EXERCISE BRIEF - Write out each line of the listing as it stands, without the images.

INFORMATION PROVIDED -
▽

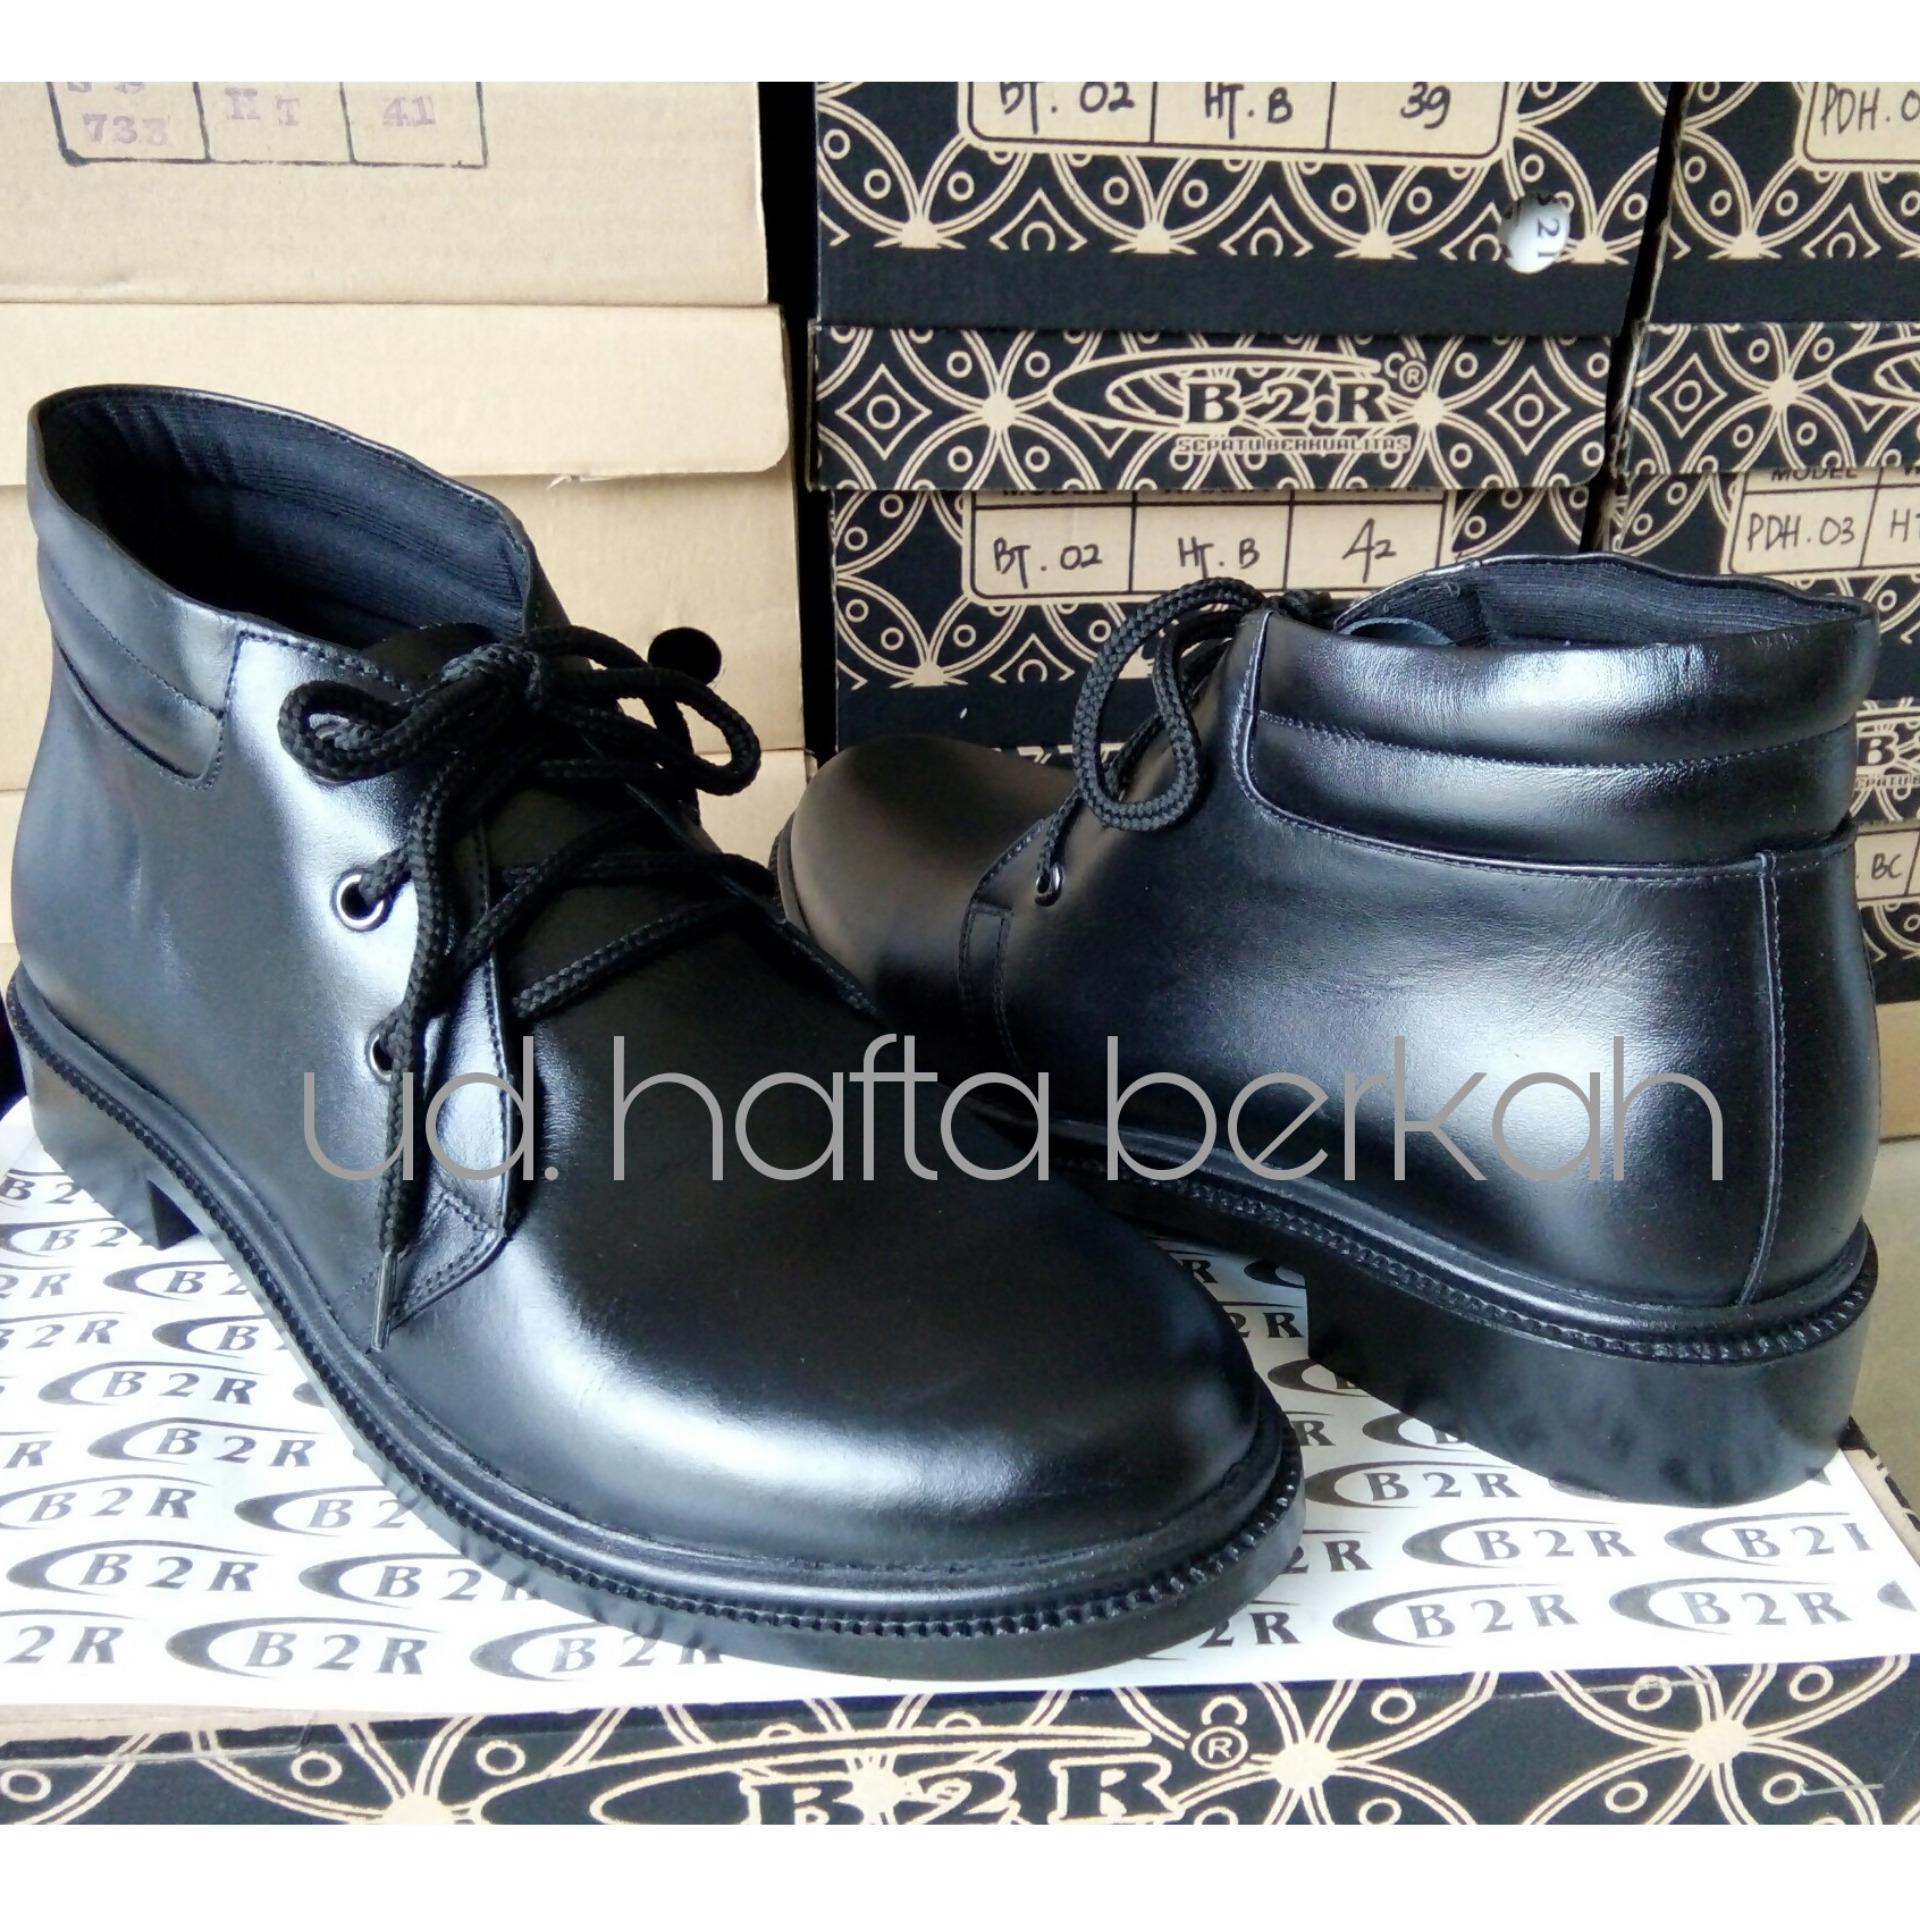 Price Checker Sepatu Pdh Seri Bt 04 Standar Tni Polri Security Pdl Ter Paskibraka Best
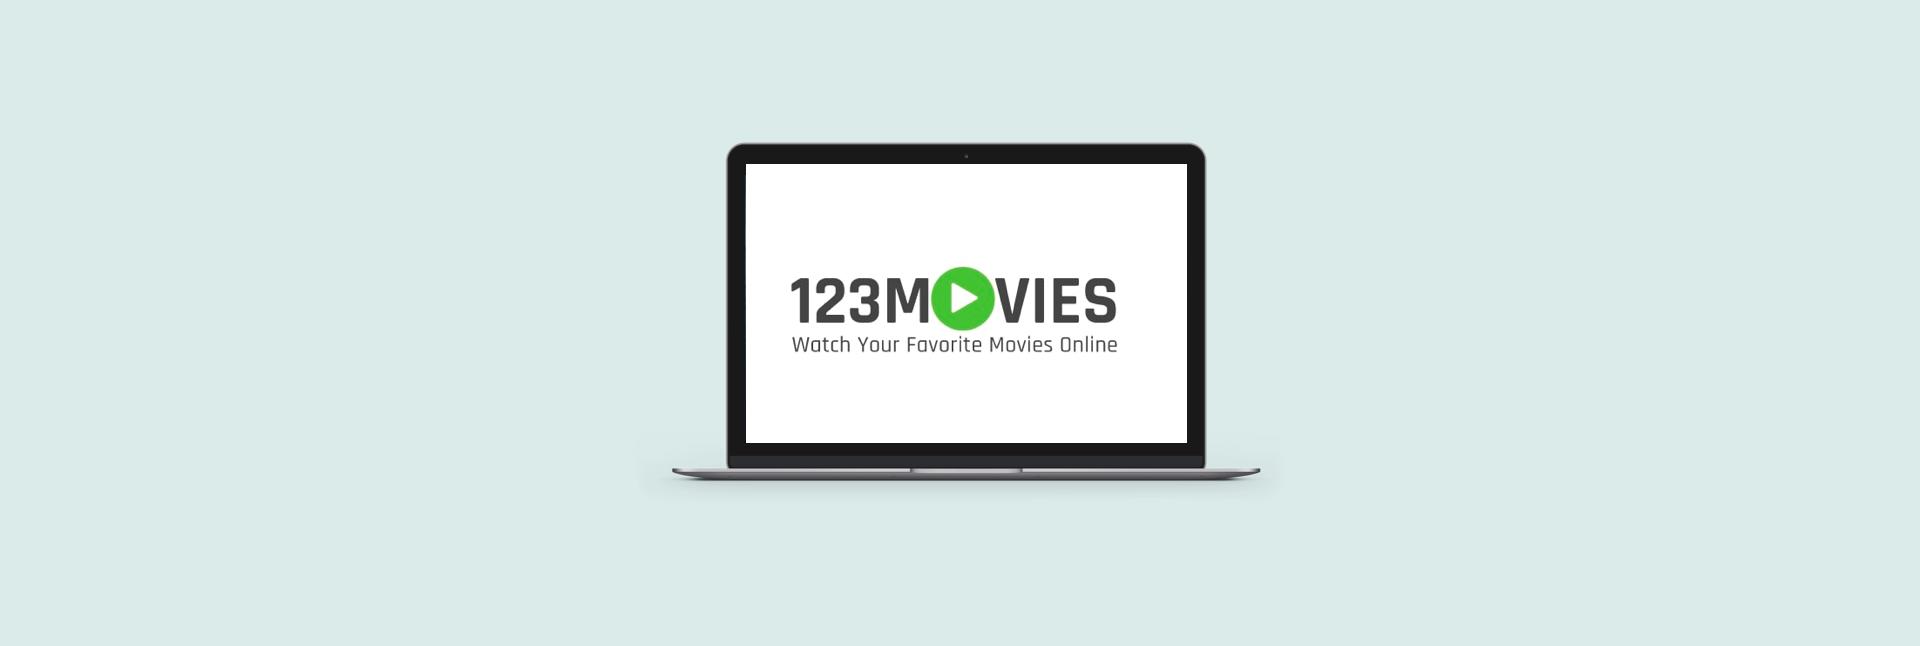 123 movies new website
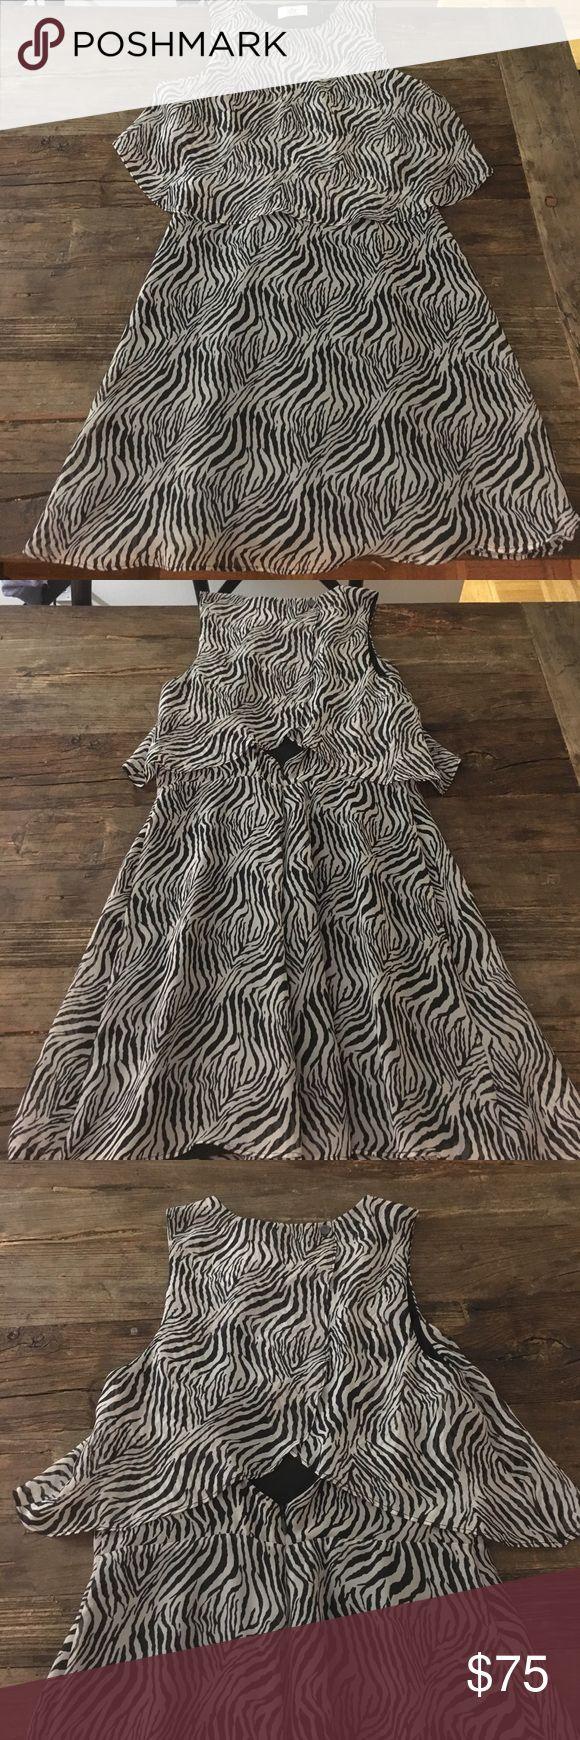 Dolce Vita zebra print dress Dolce Vita zebra print dress Dolce Vita Dresses Midi

△

EXERCISE ANSWER -
 Price Checker Sepatu Pdh Seri Bt 04 Standar Tni Polri Security Pdl Ter Paskibraka Best
 123 movies new website
 Dolce Vita zebra print dress Dolce Vita zebra print dress Dolce Vita Dresses Midi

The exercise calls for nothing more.